Afin d’obtenir un rendu maximal des détails et une bonne profondeur de champ, comme c’est généralement le cas en photographie de paysage, il est préférable de prendre des photos en mode Av et de régler une ouverture très étroite (f/16 ou f/22) pour rendre le PdC aussi net que possible. L’utilisation d’un objectif grand-angle permet d’avoir un PdC plus grand et de cadrer beaucoup plus d’éléments dans la scène. En fait, s’il est nécessaire d’utiliser un 24 mm, vous pouvez avoir un angle de champ d’environ 84 degrés, qui devient 111 avec le 15 mm. Et ici, d’après mon expérience personnelle, il faut toujours garder la ligne d’horizon sous contrôle en raison de l’inclinaison de la perspective qu’elle subit dans l’objectif grand-angle. Sinon, si l’on veut augmenter le grossissement, réduire l’angle de vue, exclure des éléments perturbateurs dans la composition au détriment d’une éventuelle compression de la perspective donnée par l’objectif, on peut aussi opter pour un téléobjectif.

Règle n° 4 : Le trépied.

Pour obtenir une bonne exposition, après avoir réglé une très petite ouverture, il faut avoir des vitesses d’obturation très lentes. Tellement lent qu’il serait impossible d’obtenir une image nette et à main levée. Il est important d’emporter un trépied solide.

Règle n° 5 : Focus.

Le point sur lequel il est nécessaire de se concentrer est la zone la plus nette et donc celle qui a le plus d’impact. L’article se lit comme suit : « .fixer manuellement un point aF et essayer de suivre la règle de la mise au point à un tiers du cadre en partant du haut, et pas nécessairement au tiers inférieur du premier étage qui va vers l’horizon, comme on dit parfois pour créer différents plans de mise au point qui mènent à l’horizon ». L’important dans ce cas sera également de raisonner au premier plan, bien que le paysage soit vaste et distant, pour toujours augmenter le sentiment de profondeur de la prise de vue.

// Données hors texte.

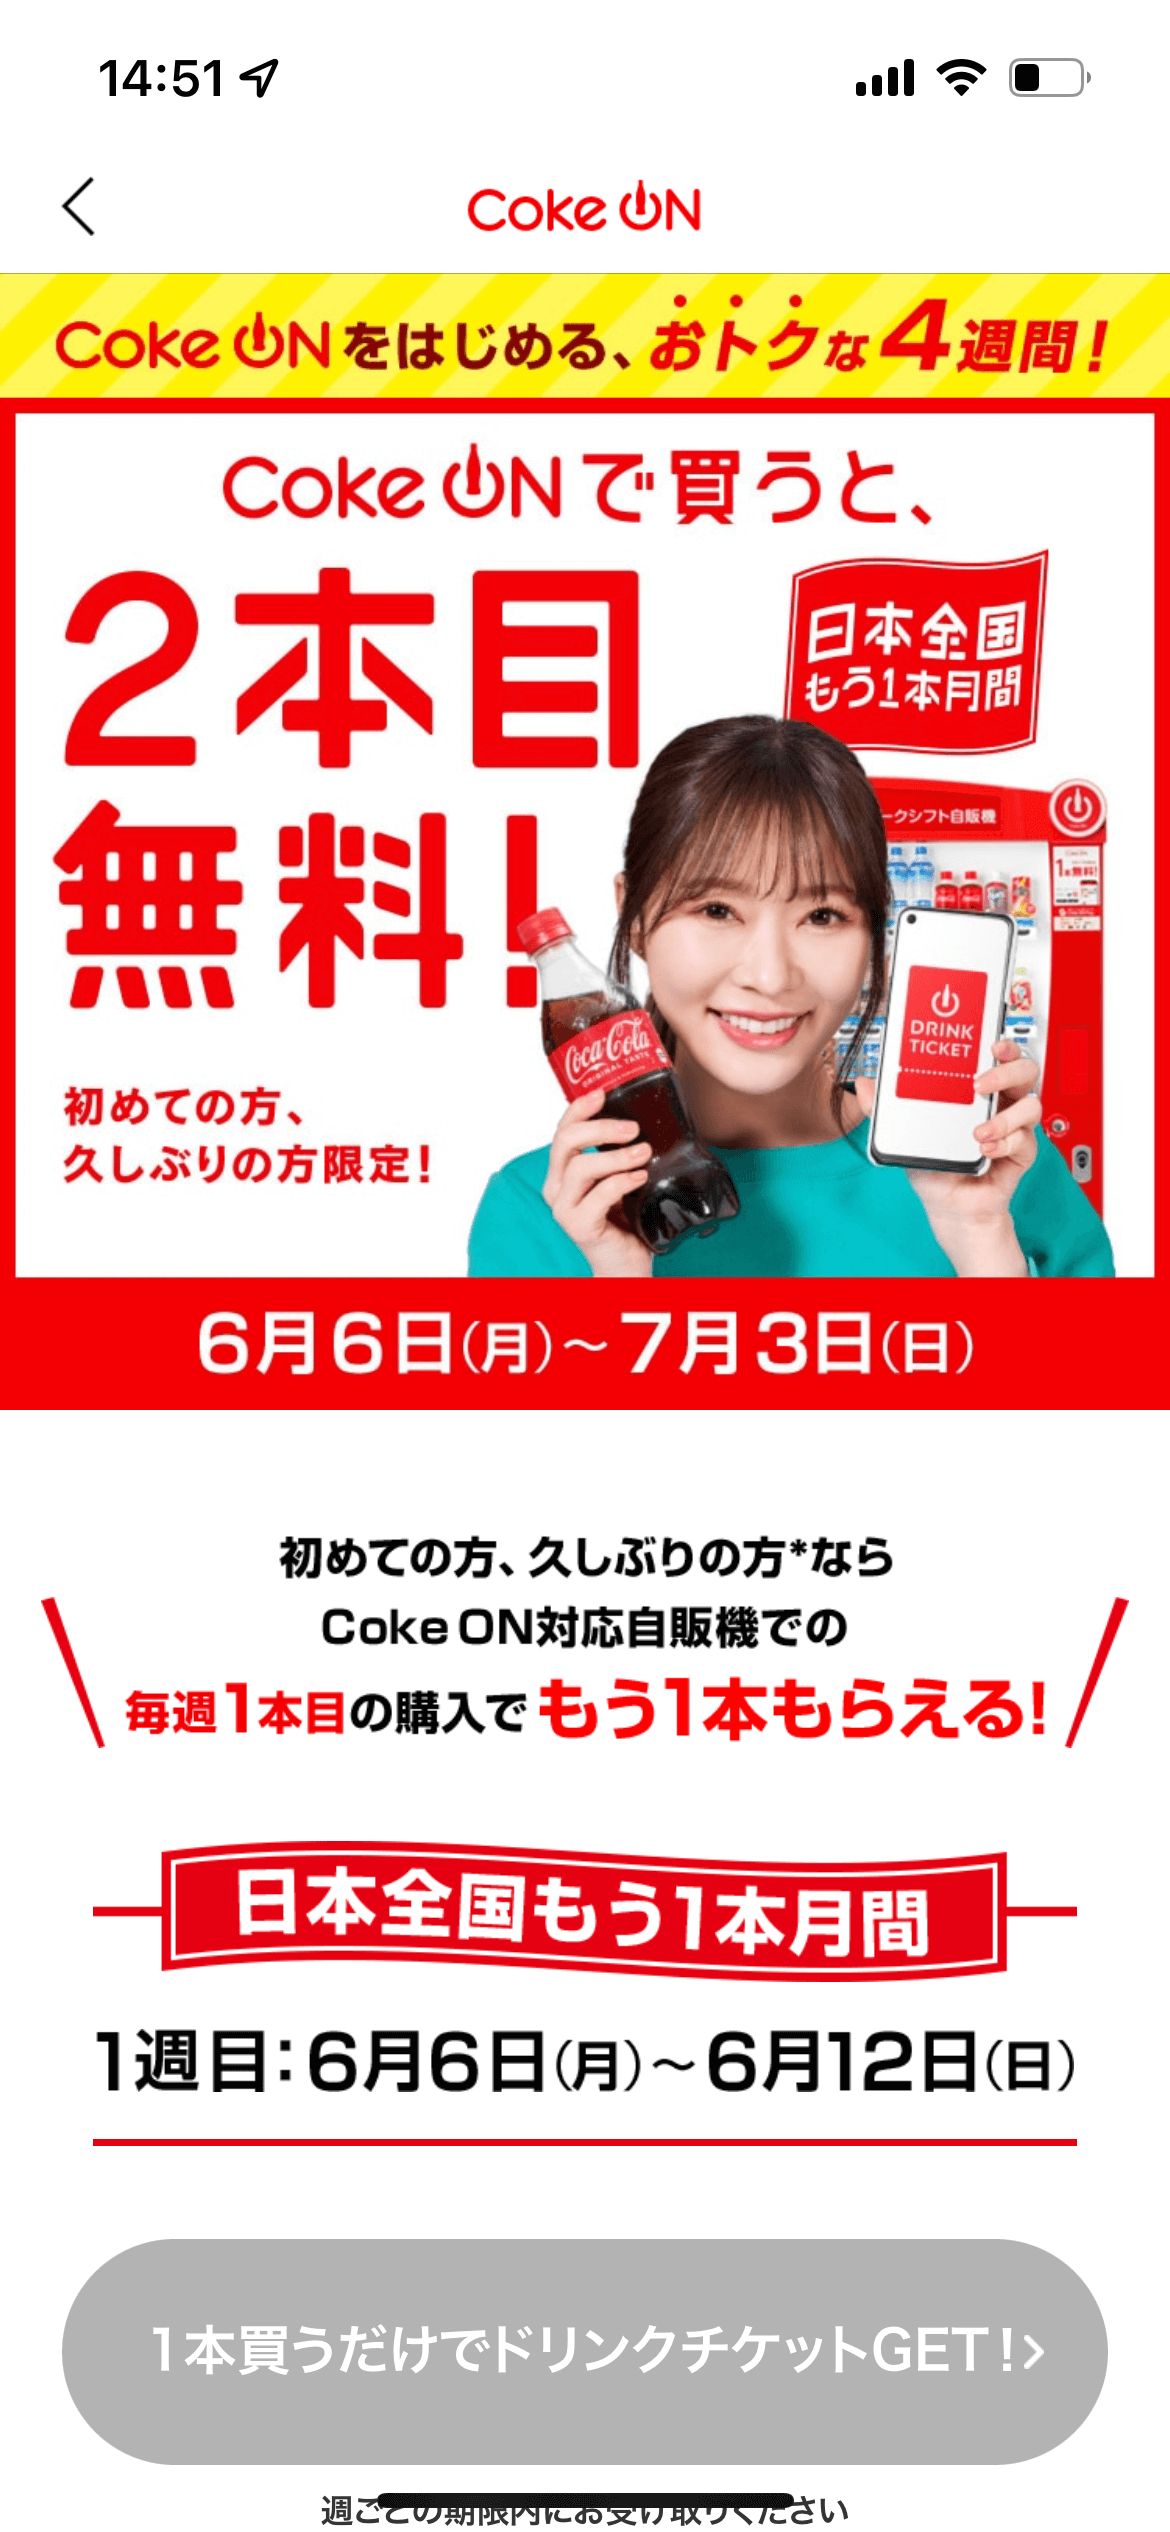 Coke ON 日本全国もう1本月間

Règle n° 6 : Prise de vue à distance.

Lorsque l’appareil est fixé sur un trépied, le simple fait d’appuyer sur le déclencheur peut nuire à la réussite de l’image. Il est donc recommandé de filmer avec une télécommande avec ou sans fil.

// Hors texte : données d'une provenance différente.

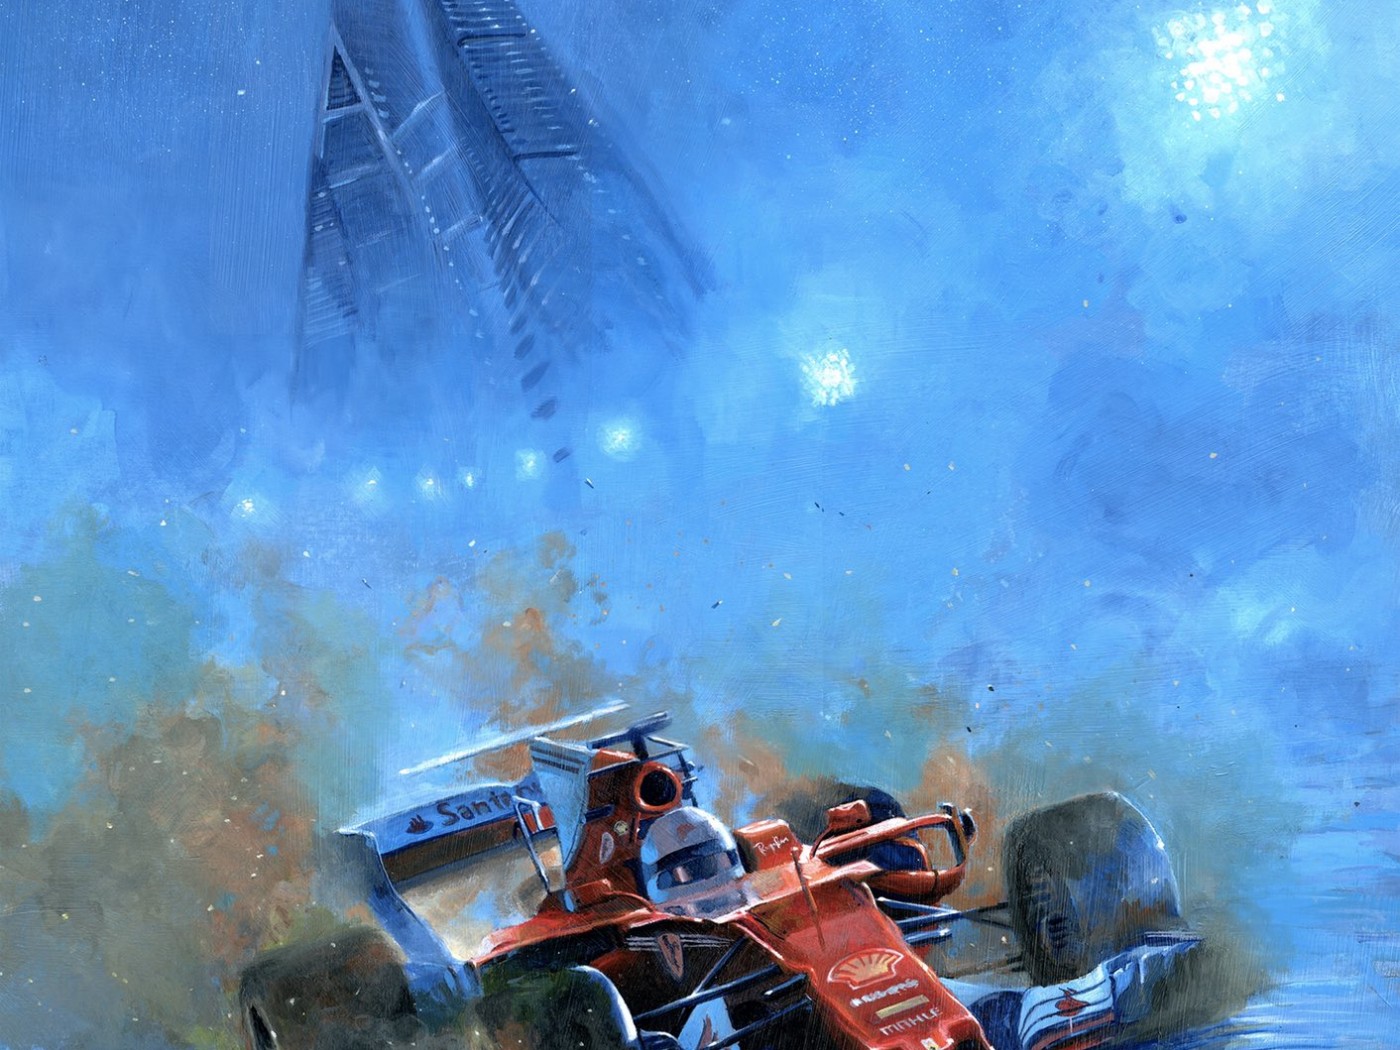 Scuderia Formula1 Poster - Bahrein

Règle n° 7 : Suivre les lignes directrices.

Après avoir décidé des gros plans et du point à mettre en évidence, il peut être pertinent de suivre les lignes du paysage.

Règle n° 8 : Règle relative aux tiers.

Imaginant le cadrage divisé en neuf sections égales par une paire de lignes équidistantes, verticales et horizontales, il faut positionner les éléments qui vous intéressent le plus à l’un des points d’intersection de ces lignes. De cette façon, il se crée plus de dynamisme et d’harmonie.

Règle n° 9 : Le premier et le deuxième étage.

Il est essentiel d’établir un lien entre le premier étage et la moitié de l’image, et entre le point de mire et l’horizon. Par exemple, vous pouvez vous abaisser (cela peut aider à réduire cet ennuyeux espace vide central), ou au contraire, vous positionnez en haut pour créer une trajectoire qui relie les éléments du premier plan à ceux de l’arrière-plan.

Règle n° 10 : Fusion.

Règle n° 11 : En équilibre avec le ciel.

Quelle que soit l’heure, si le ciel est trop lumineux, il devient très difficile de l’afficher correctement et de garder les détails au premier plan. Donc, comme je l’ai dit plus haut, il peut être utile d’utiliser un filtre neutre pour obtenir une exposition plus équilibrée avec le timing et l’ouverture dont vous avez besoin pour la profondeur de champ et la netteté de l’image.

Règle n° 12 : Capture du mouvement.

Avec des temps très longs (entre 2 et 10 secondes), avec un trépied et un câble de prise de vue, on peut photographier un courant d’eau en le rendant vivant et en donnant ainsi un élément de dynamisme à la photo. Il en est de même pour des vagues, des nuages, des animaux…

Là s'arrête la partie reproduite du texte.